Zygmunt, bo takie imię nosi po dziadku, urodził się 5 listopada 1963 r. w Częstochowie. W rodzinie muzyka nie było artystycznych tradycji. Jego mama, Anna, pracowała przez 37 lat w sklepie "Społem", a ojciec Tomasz był zatrudniony w hucie jako tokarz.
Być może nigdy nie stanąłby na scenie, gdyby nie babcia, którą bardzo kochał. - W 1975 r. zapisała mnie na język angielski. Zacząłem słuchać Radia Luxembourg, tłumaczyłem sobie teksty piosenek - wspominał.
W tym samym roku ojciec kupił mu szpulowy magnetofon, Muniek był w siódmym niebie, mogąc nagrywać własne utwory.
Pierwszy raz los ciężko go doświadczył, gdy w maju 1982 r. zdawał maturę. To, że napisał najlepszą pracę z języka polskiego, przestało się liczyć w jednej chwili. - Wtedy zmarła nagle na wylew moja ukochana babcia Marysia. Było to zamknięcie chłopięcego etapu w życiu - zdradził.
W tym samym roku dostał się na polonistykę w Warszawie, ale szybko zrozumiał, że na nauczyciela się nie nadaje. - Zawziąłem się, że skończę studia choćby z szacunku dla starych. Wierzyli we mnie, dawali pieniądze - tłumaczył.
Dobrnięcie do końca nauki zajęło mu aż dziewięć lat. Ale zanim to nastąpiło, jeszcze będąc studentem, poznał w winiarni, podczas jednej z alkoholowych rund po Warszawie Martę.
- Spodobała mi się ta inteligentna dziewczyna, z którą było o czym pogadać. Mieliśmy też podobne poczucie humoru z wyczuleniem na absurd, oboje byliśmy fanami kina. Zakochałem się - wyznał po latach.
Zamieszkali ze sobą w gniazdku Marty na warszawskim Żoliborzu, a już rok później 1 lipca 1989 r. muzyk przyrzekł w kościele swojej ukochanej wierność małżeńską. Na świat miało przyjść ich pierwsze dziecko, więc zaraz po ślubie wyruszył do Londynu, aby zarobić na rodzinę.

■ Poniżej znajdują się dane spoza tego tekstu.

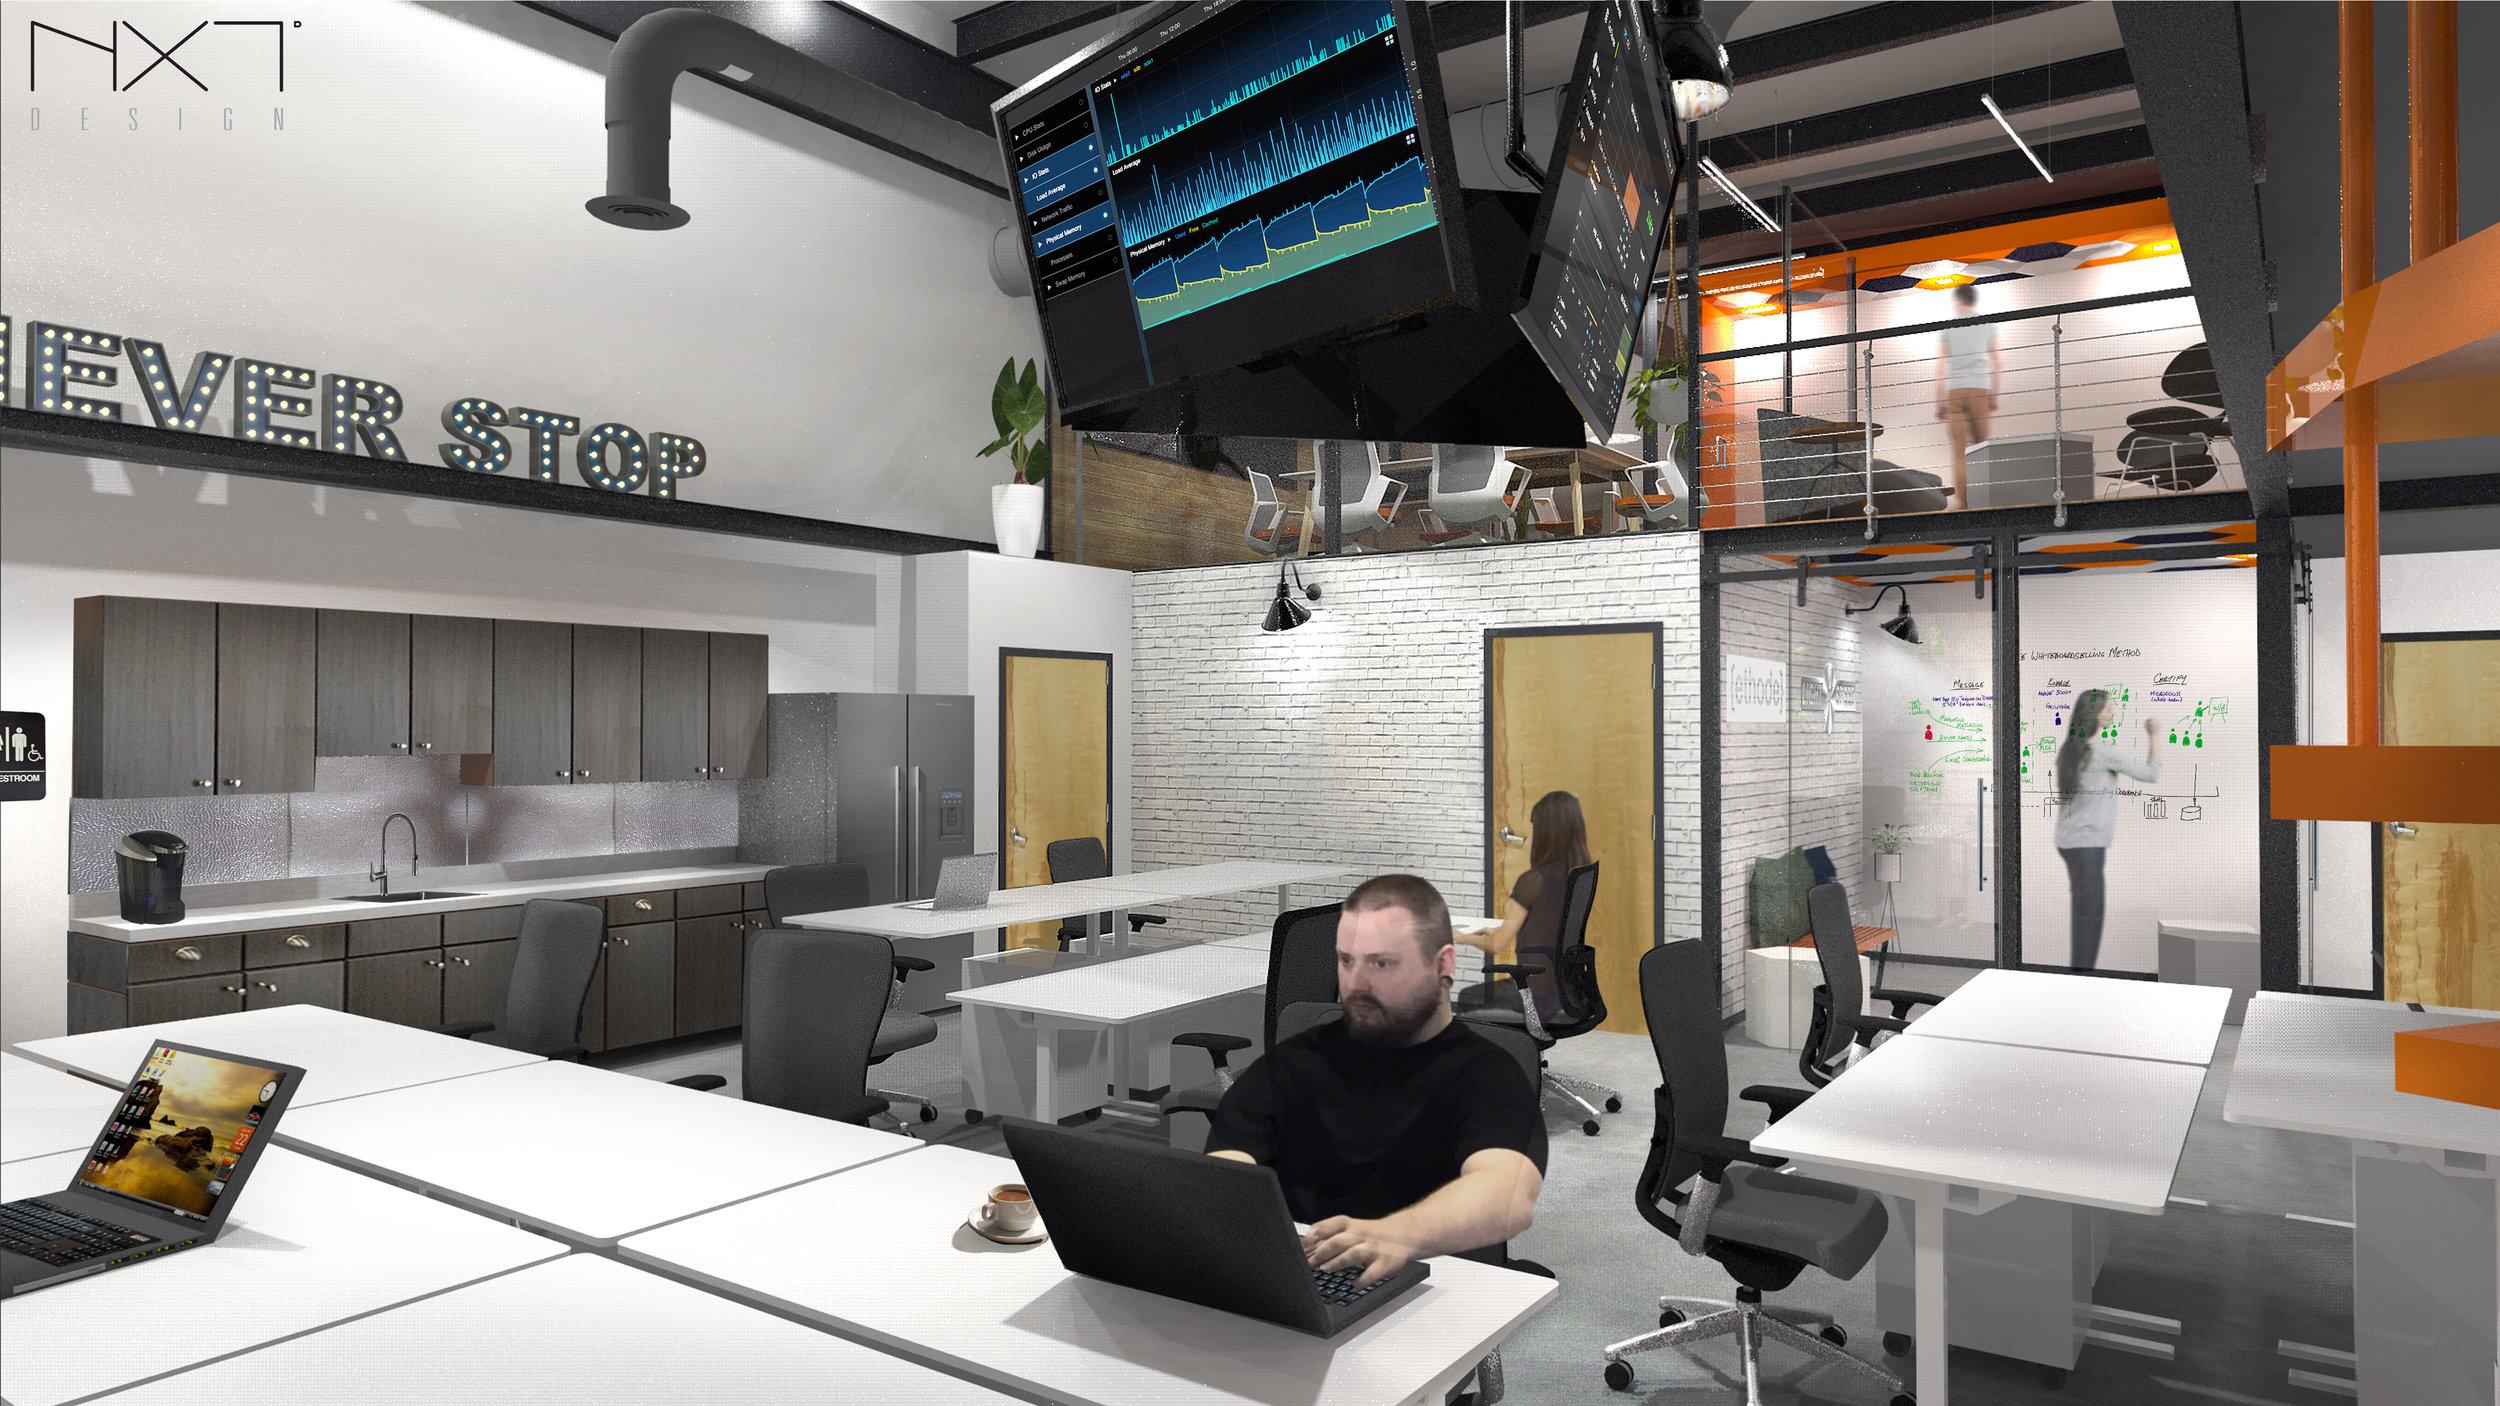 Ethode_creative_industrial_office_design.jpg

Imał się każdego zajęcia, zasuwał na zmywaku w pizzerii, a potem w pubie. Wtedy też w toalecie knajpki napisał przebój "Warszawa", który wkrótce śpiewała cała Polska...
Niedługo po jego powrocie do kraju, w styczniu 1990 r. na świat przyszedł Janek. Muniek do dziś pamięta, jak niósł synka ze szpitala.
- Wziąłem go na ręce i zaczęła się najdłuższa droga w moim życiu. "A jak się poślizgnę, jak ja to zawiniątko z moim synem upuszczę...?". Wtedy zaczęło się ojcostwo, odpowiedzialność - wspominał.
Trzy lata później znów przeżył wzruszające chwile, gdy urodziła się jego ukochana Marysia.
Śpiewaniem zarabiał na chleb dla najbliższych, a Marta wychowywała dzieci. Jego rockandrollowe życie toczyło się przy akompaniamencie alkoholu i narkotyków. - Jak przesadzisz z amfą, to ci odwala - szczerze wyjawił.
Otrzeźwienie przyszło podczas odwiedzin u rodziców w Częstochowie. - Mama stawia na stole rosół, a ja czuję, że muszę przywalić. Rosół zjadłem, idę do kibla, w kieszeni mam działkę - wspominał. - I w tej małej łazience, gdzie jako dzieciak w kąpieli wymyślałem swoje audycje, sypię kreski na pralkę, wciągam - dodał.
Czytaj dalej na następnej stronie
Po raz pierwszy pomyślał, że czas skończyć z narkotykami. - Parę miesięcy trwała jeszcze jazda z tym gównem - przyznał.
Tryb życia Muńka nie pozostał bez wpływu na jego małżeństwo. - W 1998 r. dotarliśmy na skraj rozwodu. Nie byłem okej wobec Marty - przyznał. Wtedy to zdradził żonę z dziesięć lat młodszą od siebie dziewczyną, która pracowała w wytwórni płytowej.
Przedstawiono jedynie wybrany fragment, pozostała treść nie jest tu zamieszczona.